Poll: Only 9% of UW-Madison faculty identify conservative, 70% liberal
March 9, 2026

Lake Country Tribune

(The Center Square) – Only 9% of University of Wisconsin-Madison faculty identify as conservative while 70% identify as liberal, according to a new faculty poll from the school’s Department of Political Science and Tommy G. Thompson Center on Public Leadership.

The poll also showed that junior faculty were more likely to identify as liberal than senior faculty, meaning the ideological gap could expand in the future.

“The findings paint a picture of an environment where conservative faculty feel marginalized and face differential treatment,” said Center Director Alex Tahk, an associate professor of political science. “But there are also grounds for optimism: large majorities of faculty, regardless of ideology or race, believe it is important for both underrepresented racial groups and conservatives to feel included on campus.”

The survey was sent to 2,388 faculty members with 633 completed responses sent back. Incomplete responses were not included in the results. The survey was first sent Nov. 19 and responses were accepted through Jan. 23.

The poll is in line with what bill sponsor Rep. Amanda Nedweski, R-Pleasant Prairie, said while pushing a campus free speech law. The proposal would carry a punishment of two academic years of frozen tuition if a school violates any of the requirements of the bill multiple times in a five-year period.

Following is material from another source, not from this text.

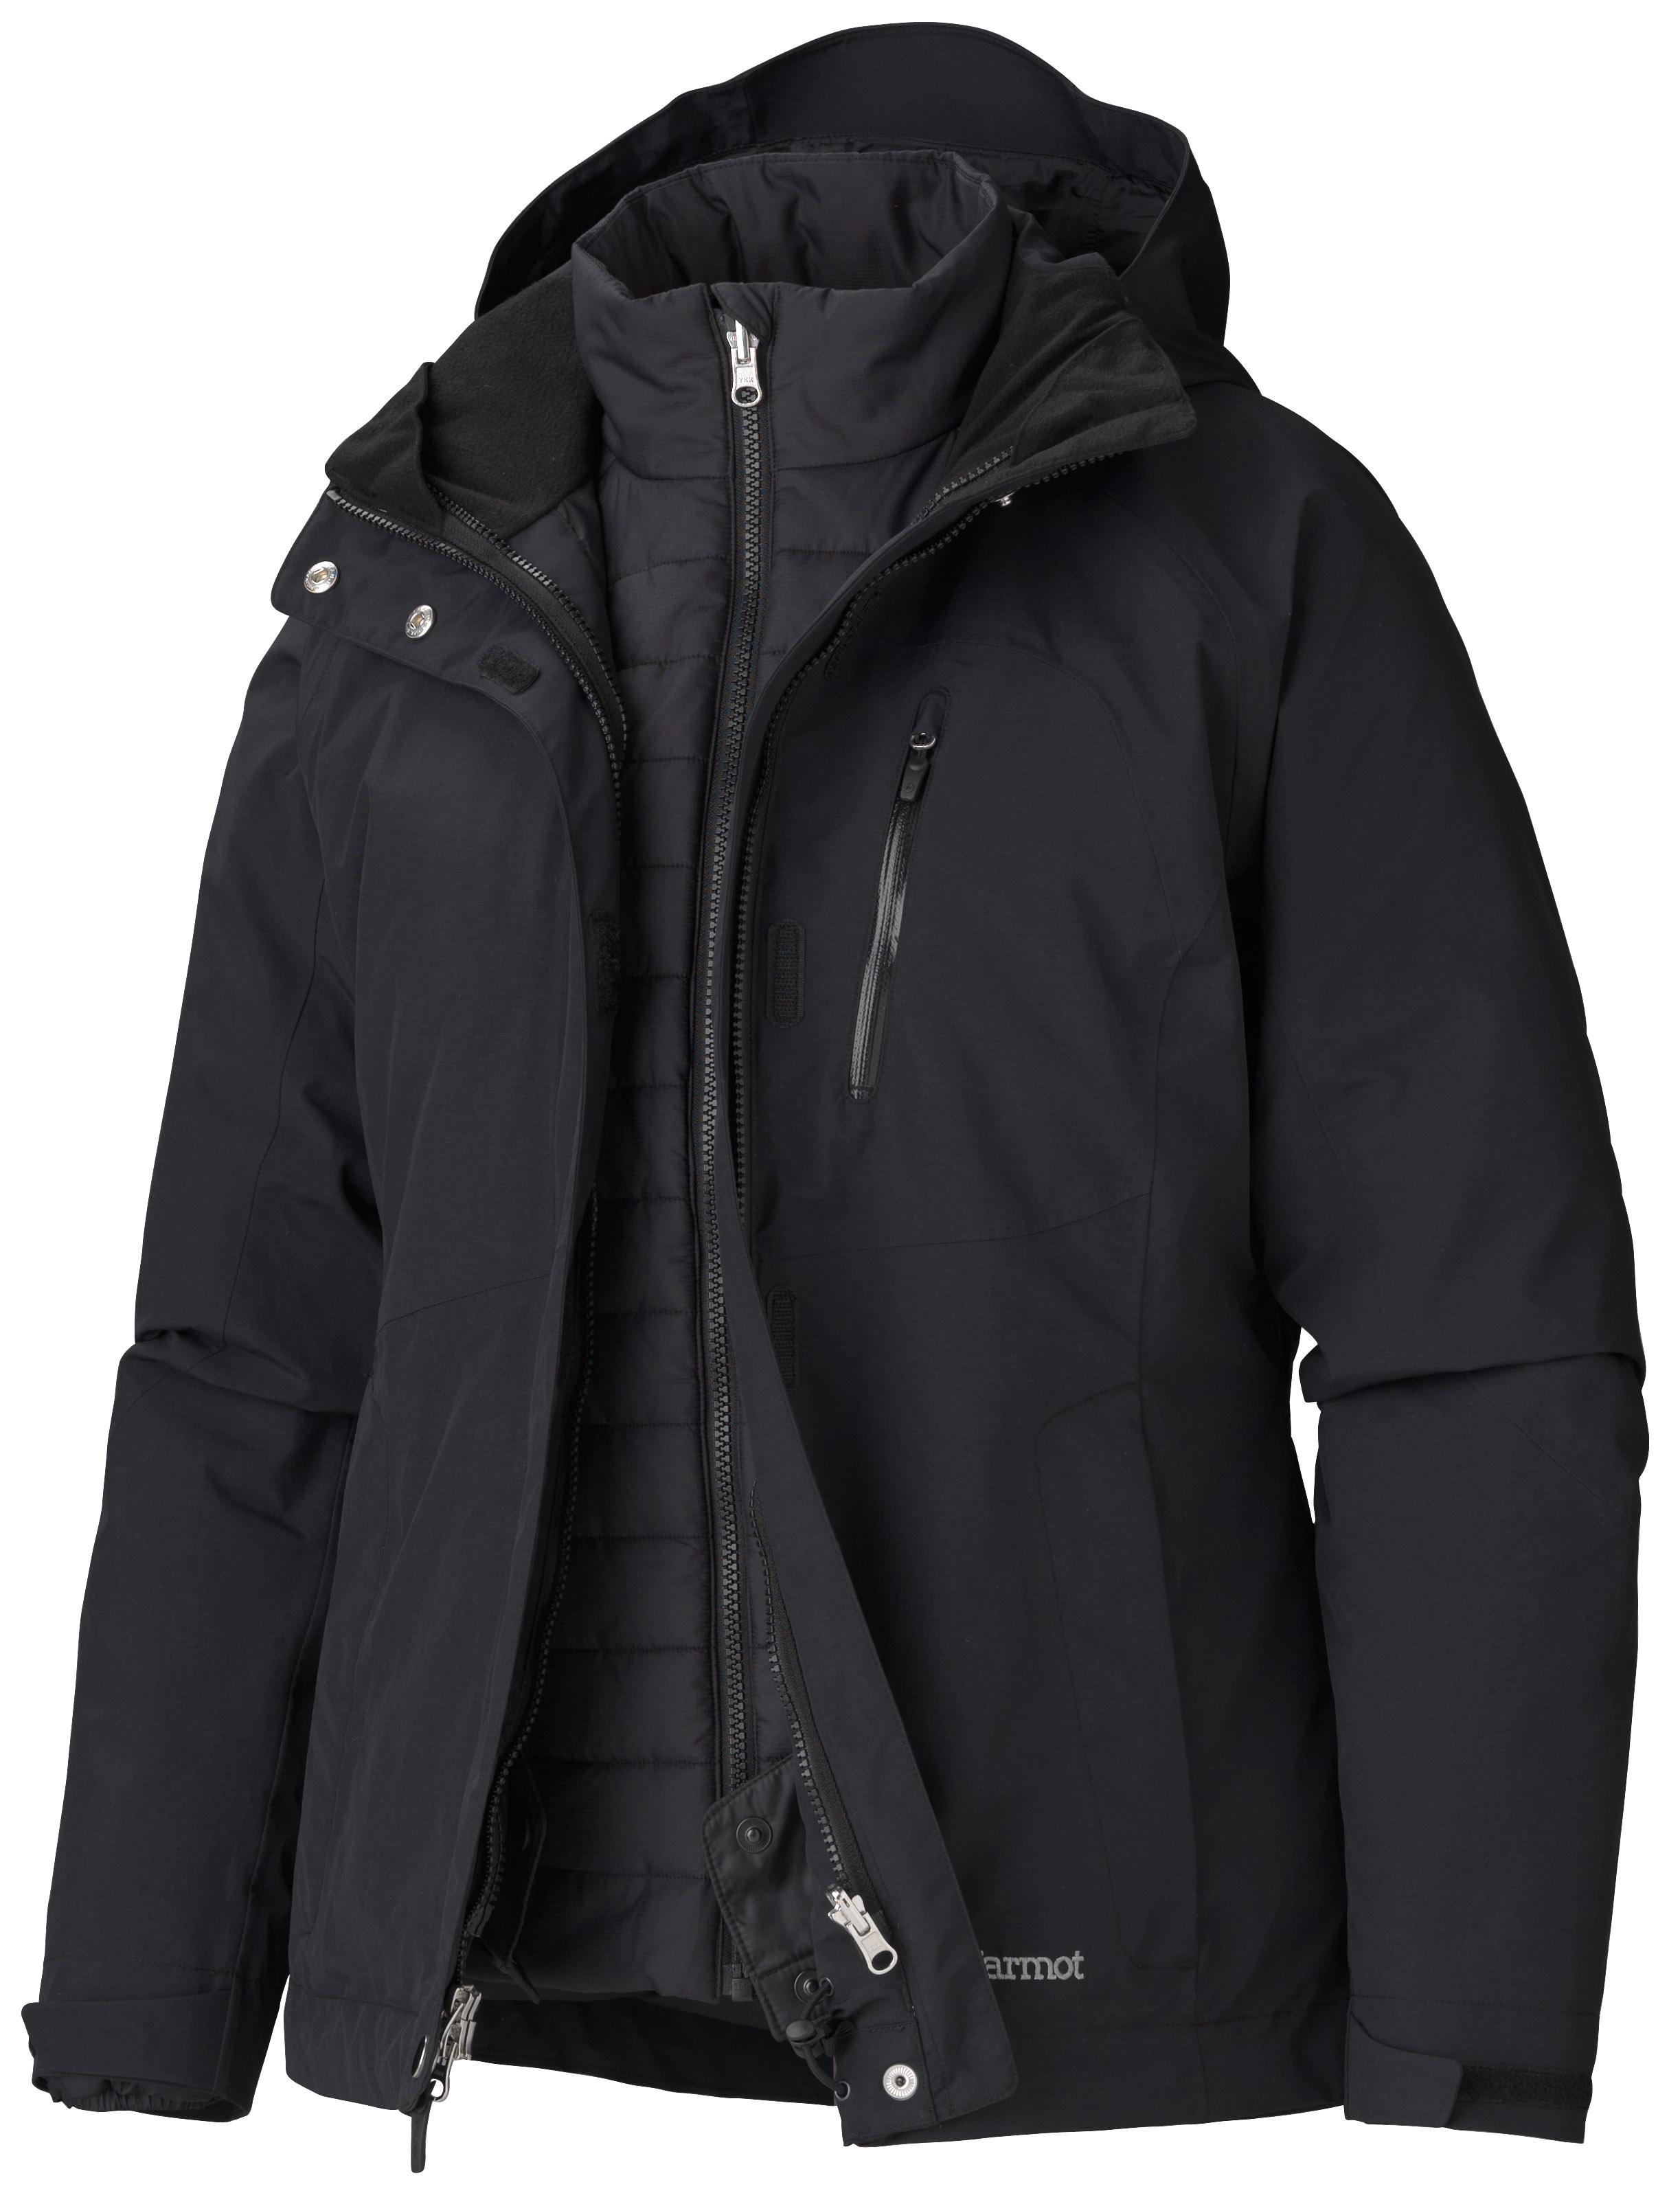 Foto Marmot Alpen Component Jacket Lady Black (Modell 2013/14)

Nedweski cited during testimony a report from The College Fix showing that more than 99% of donations from UW system professors went to Democrats, not Republicans, using 2021-22 Federal Election Commission data.

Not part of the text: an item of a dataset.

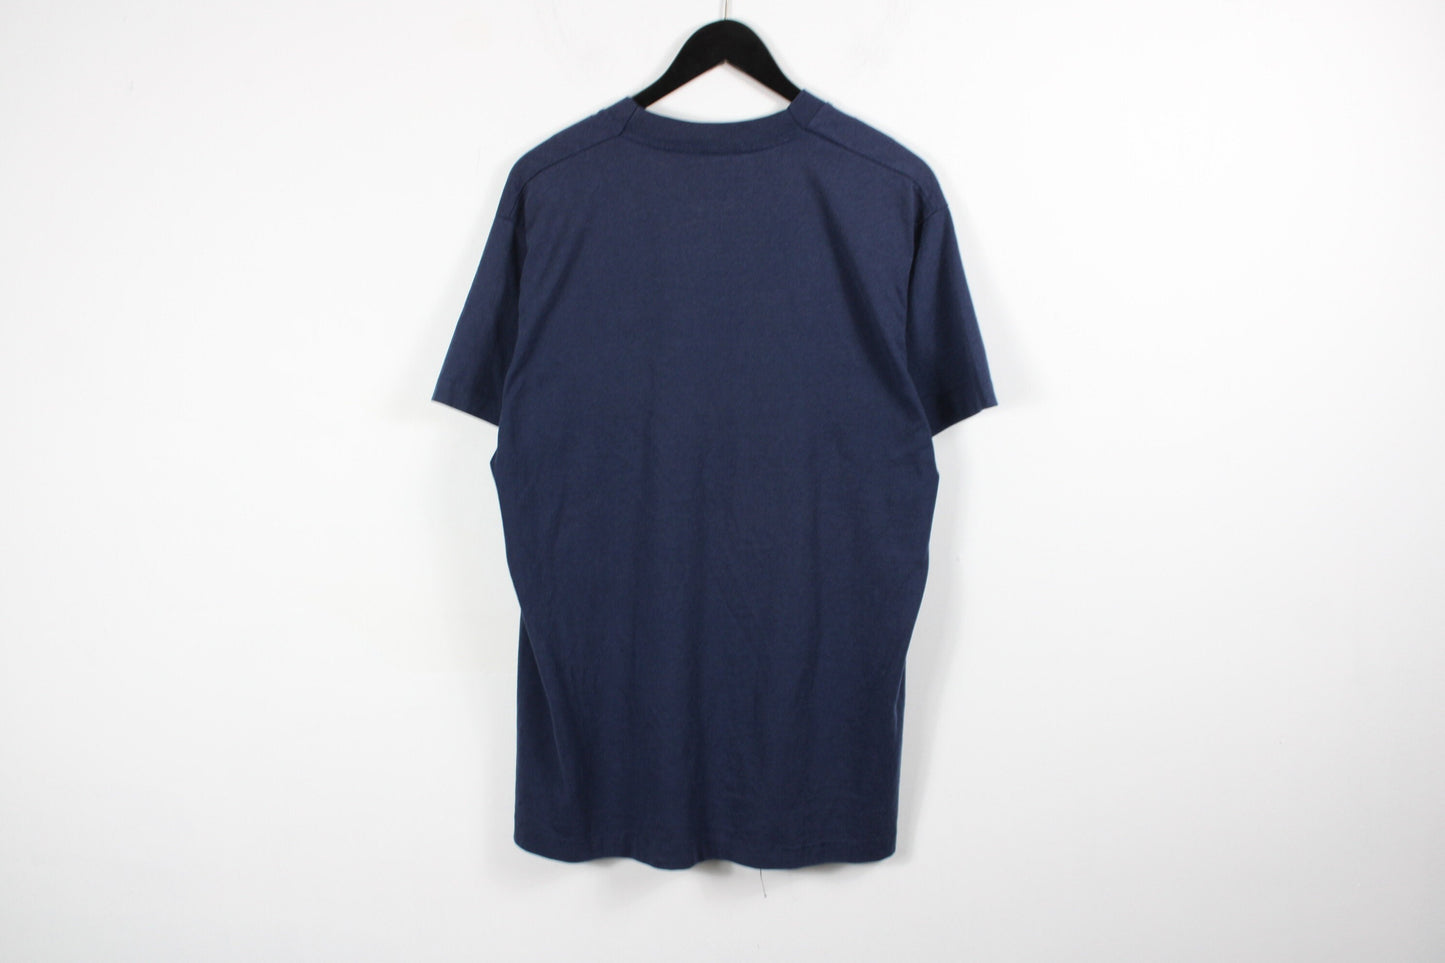 Cambridge-England University T-Shirt / Vintage Collegiate Campus Graphic Tee Shirt / 90s / 2000s Sports-Team Clothing

“We designed this study to move past assumptions and get rigorous evidence,” Tahk said. “I don’t think the findings will entirely fit anyone’s preconceptions.”

The survey also found that race was not the main factor in ideology. Faculty of color where slightly more conservative than their white colleagues.

In terms of hiring, faculty showed that they were up to 38 percentage points more likely to penalize a conservative view than a liberal one.

“Further proof that there is little intellectual diversity in higher education today,” former Republican Wisconsin Gov. Scott Walker wrote on social media.

Further proof that there is little intellectual diversity in higher education today. https://t.co/lBZlK895no— Scott Walker (@ScottWalker) March 9, 2026

Liberal faculty were also more likely to express controversial views while conservative faculty reported experiencing consequences at a substantially higher rate. Conservative faculty also reported feeling less comfortable expressing their views and felt less welcome on campus with less confidence that their speech rights would be protected.